[TASK] Restate, exactly and without pictures, the lines from the start of the listing below through the line holding "Größe des Sockels".

[THE DATA]
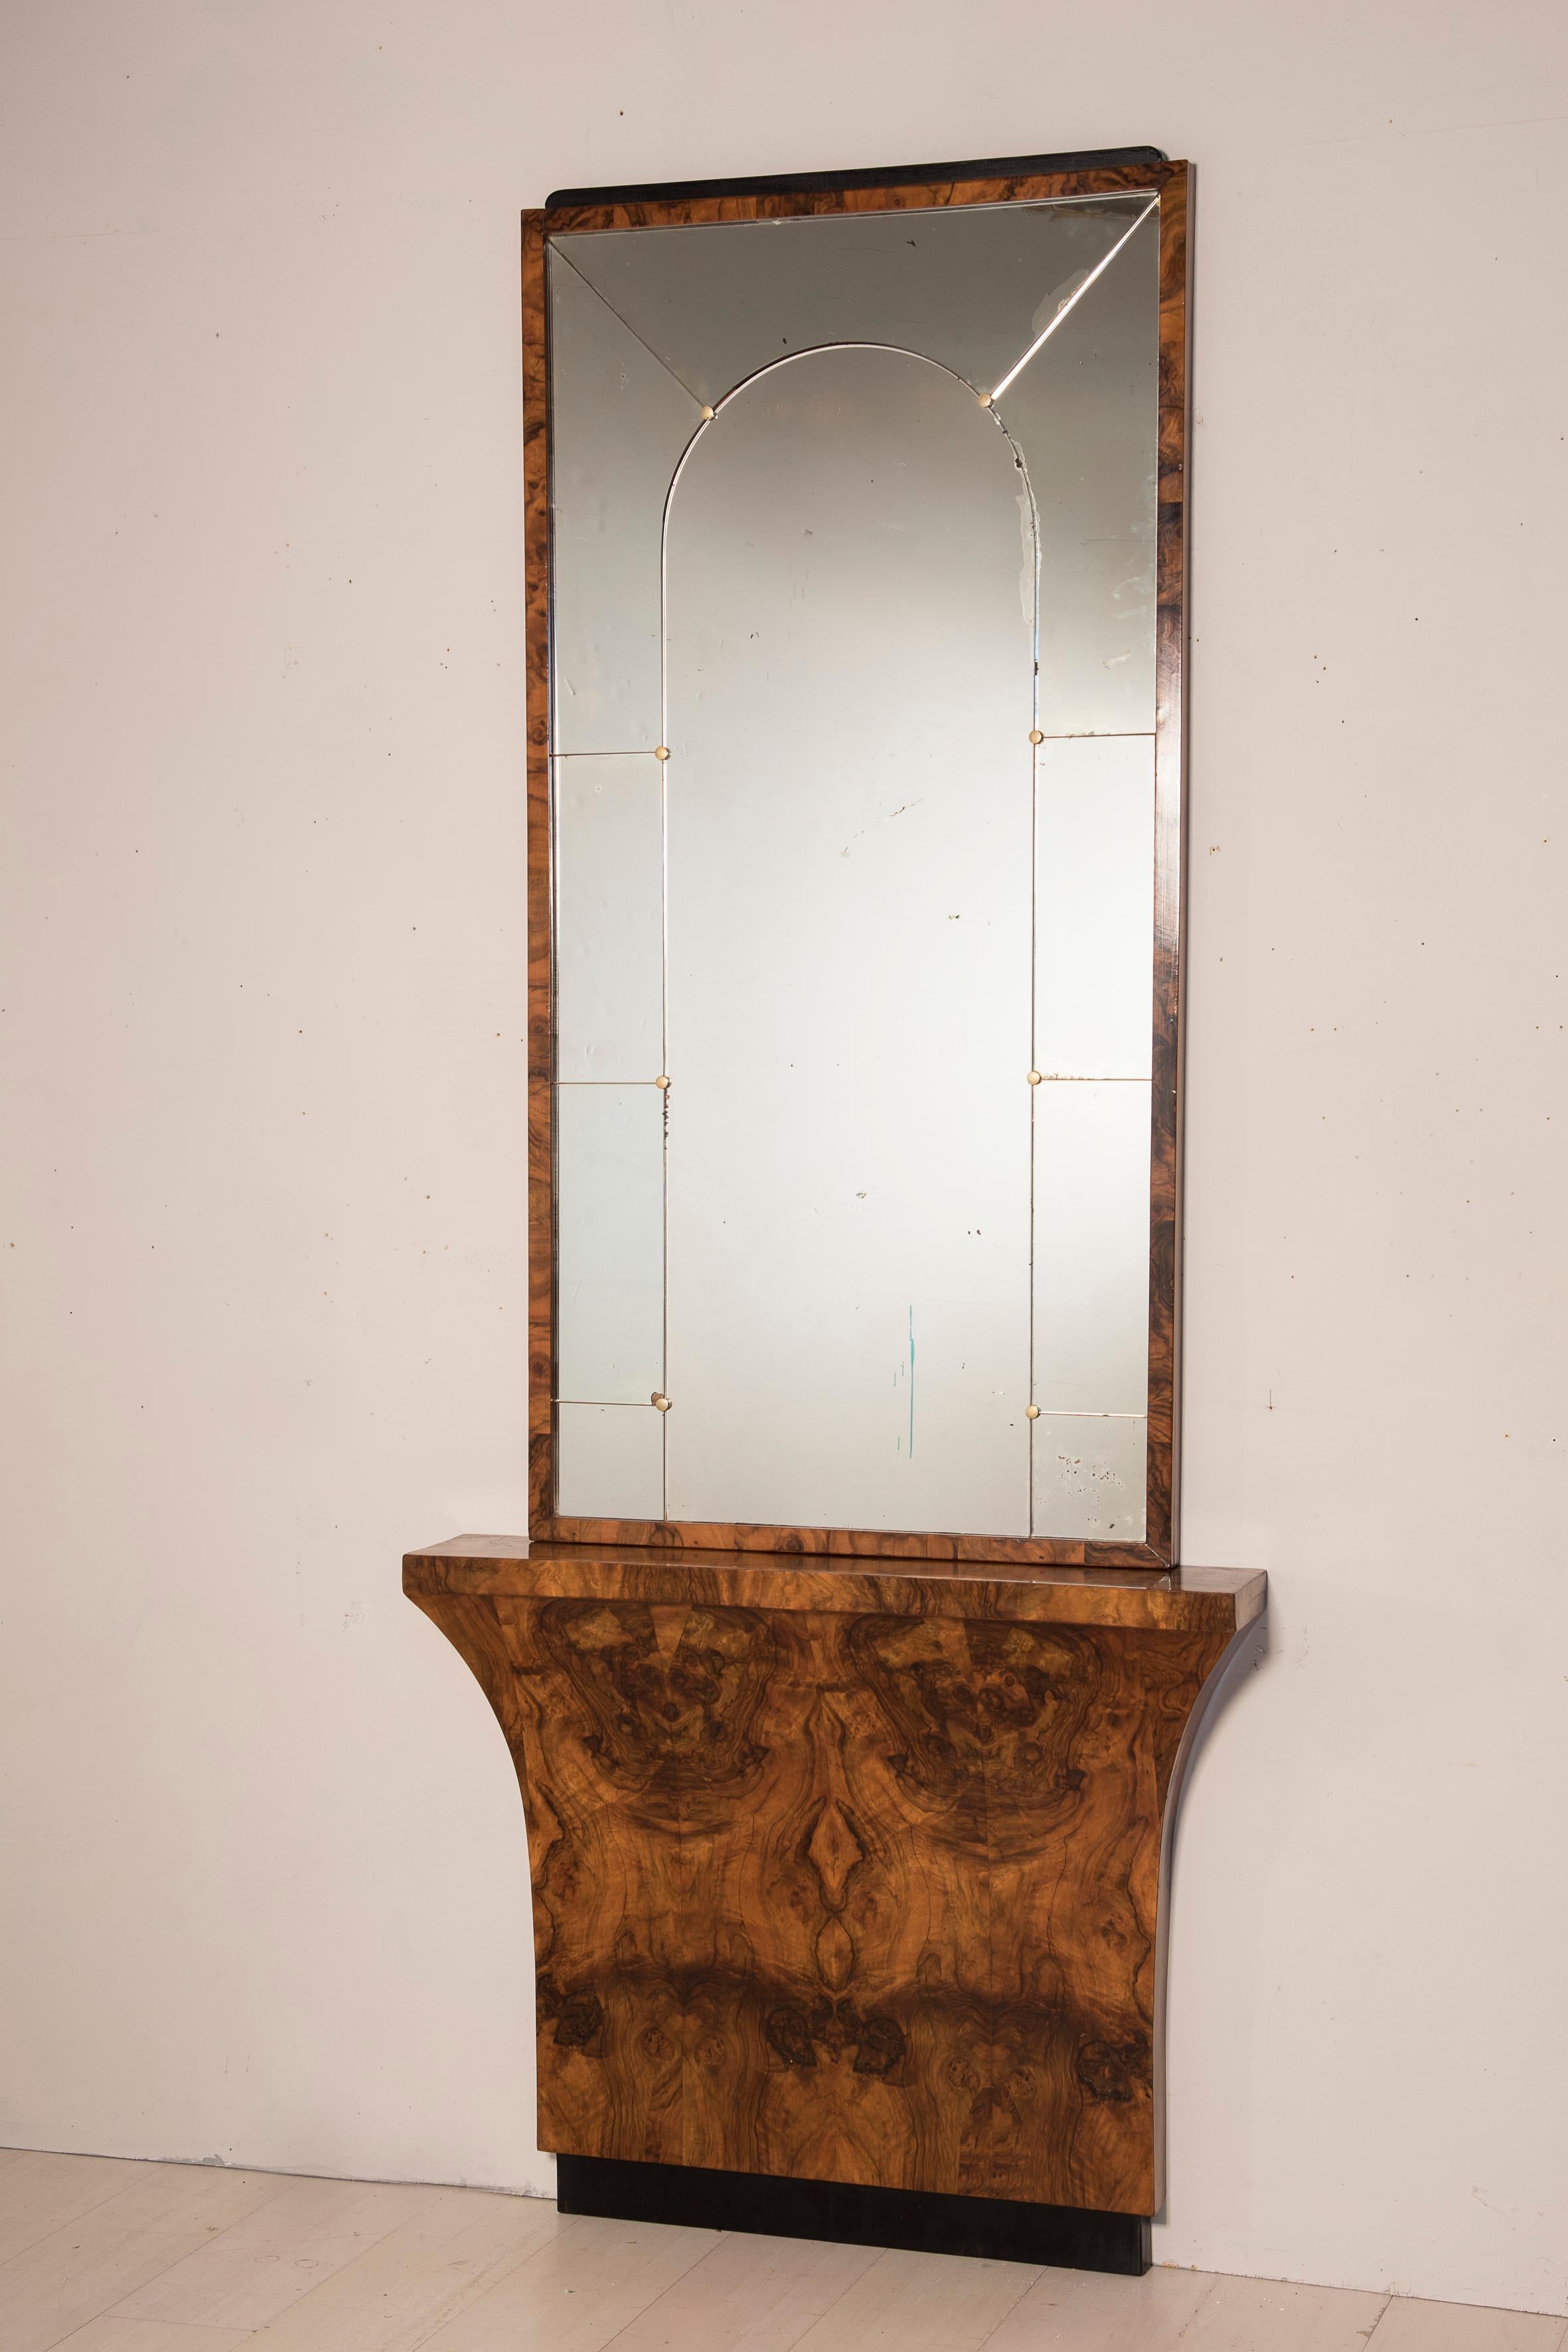 Art Deco 1930er Jahre furnierter Konsolentisch mit Spiegel. Der Sockel des Konsolentisches ist mit einer großen Furnierflamme versehen. Der Spiegel ist mit Messingnägeln getäfelt.
Größe des Sockels 100 x 18 h 82 cm - Größe des Spiegels 157 x 80
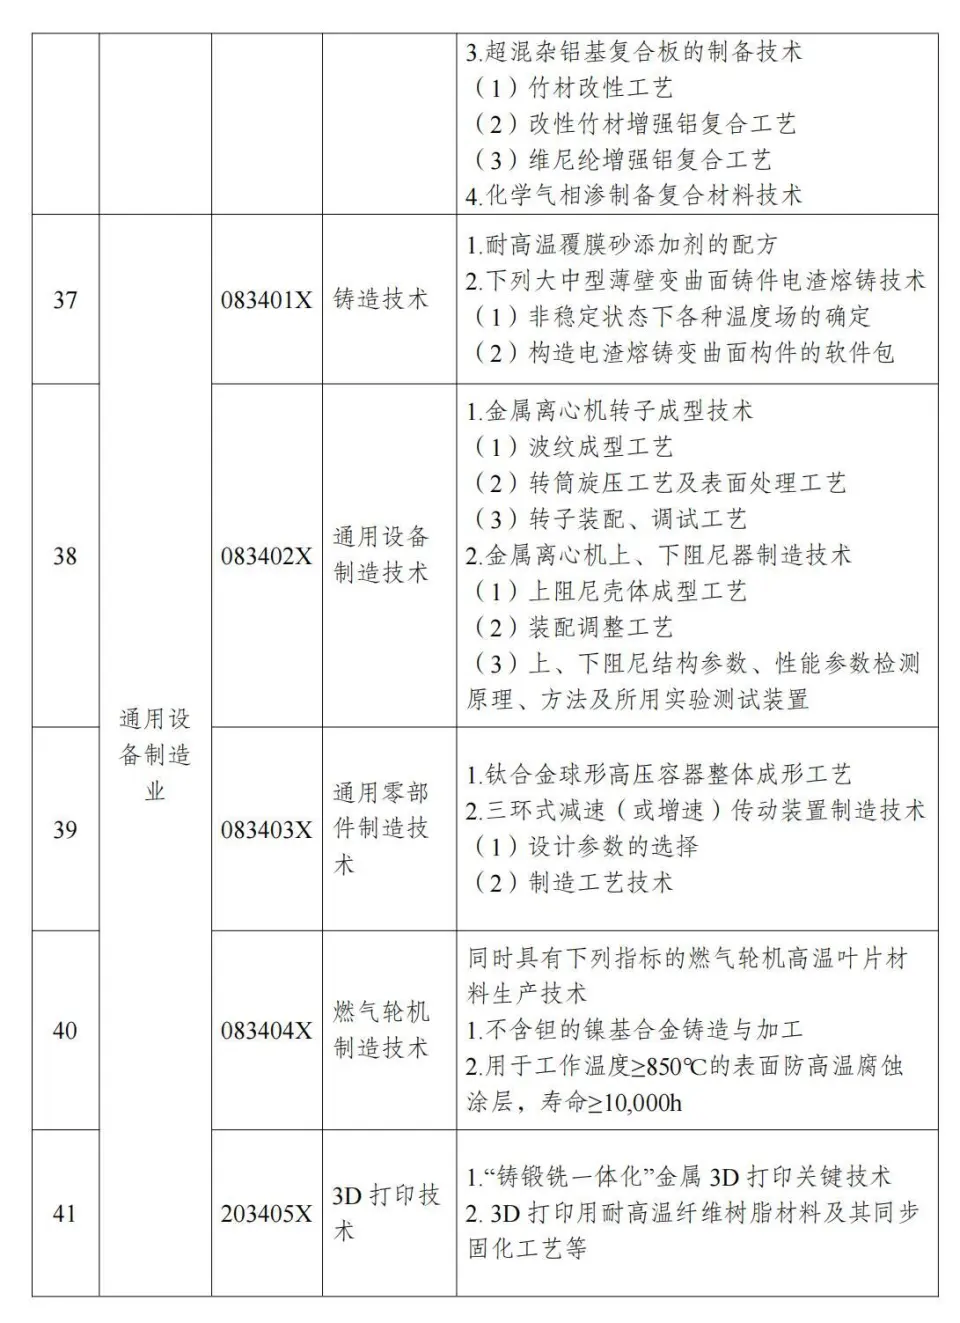 两部分公布《中国制止出口限制出口技术目录》 第12张图片
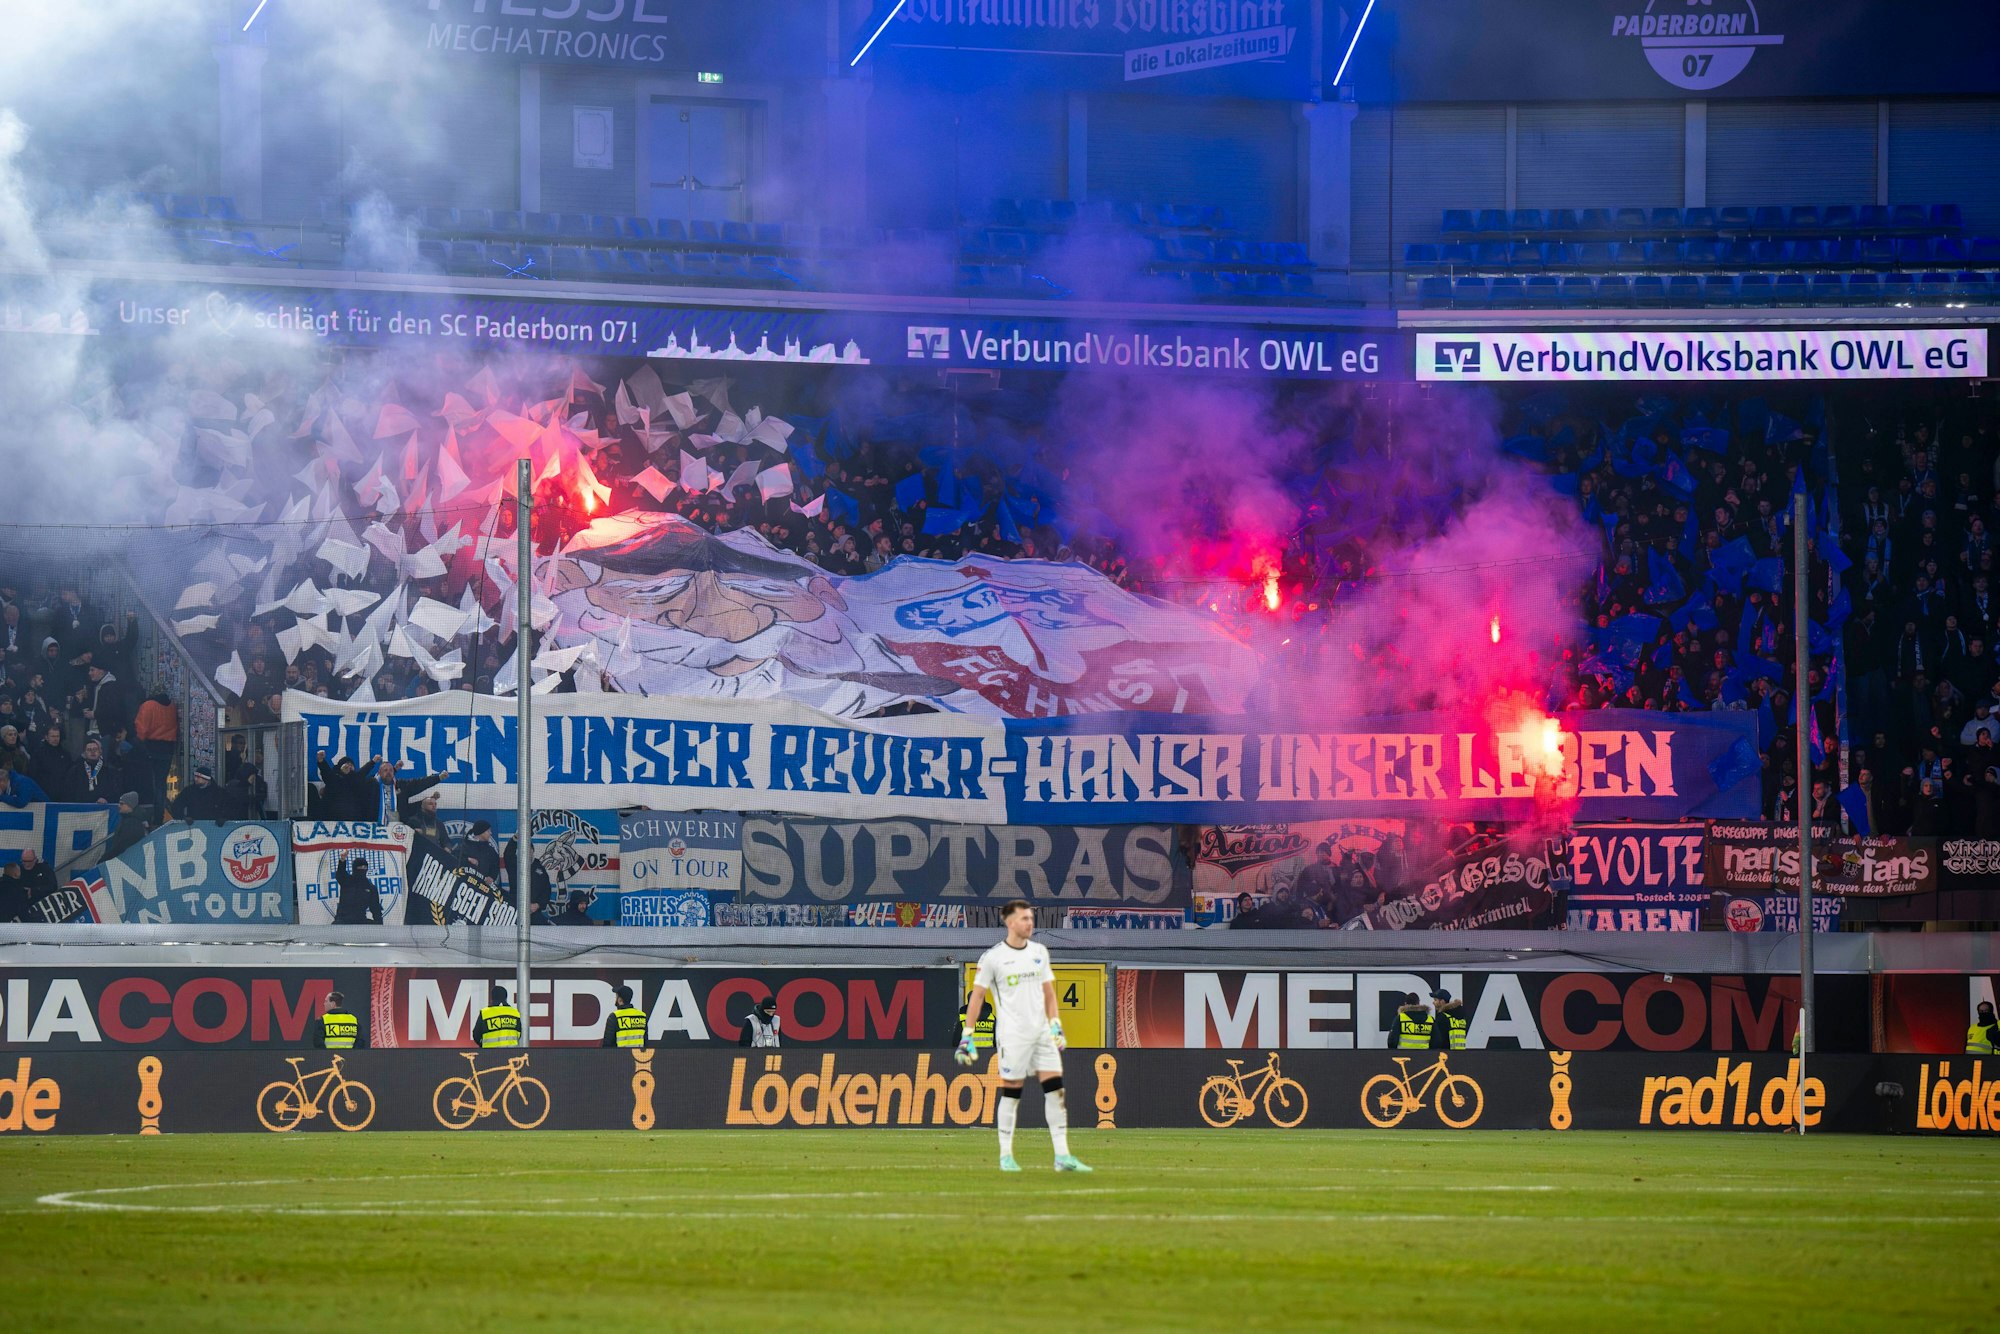 Die Rostocker Fans halten Banner mit der Aufschrift „Rügen unser Revier - Hansa unser Leben“ und zünden Pyrotechnik.

[WRITTEN SOLUTION]
 Art Deco 1930er Jahre furnierter Konsolentisch mit Spiegel. Der Sockel des Konsolentisches ist mit einer großen Furnierflamme versehen. Der Spiegel ist mit Messingnägeln getäfelt.
Größe des Sockels 100 x 18 h 82 cm - Größe des Spiegels 157 x 80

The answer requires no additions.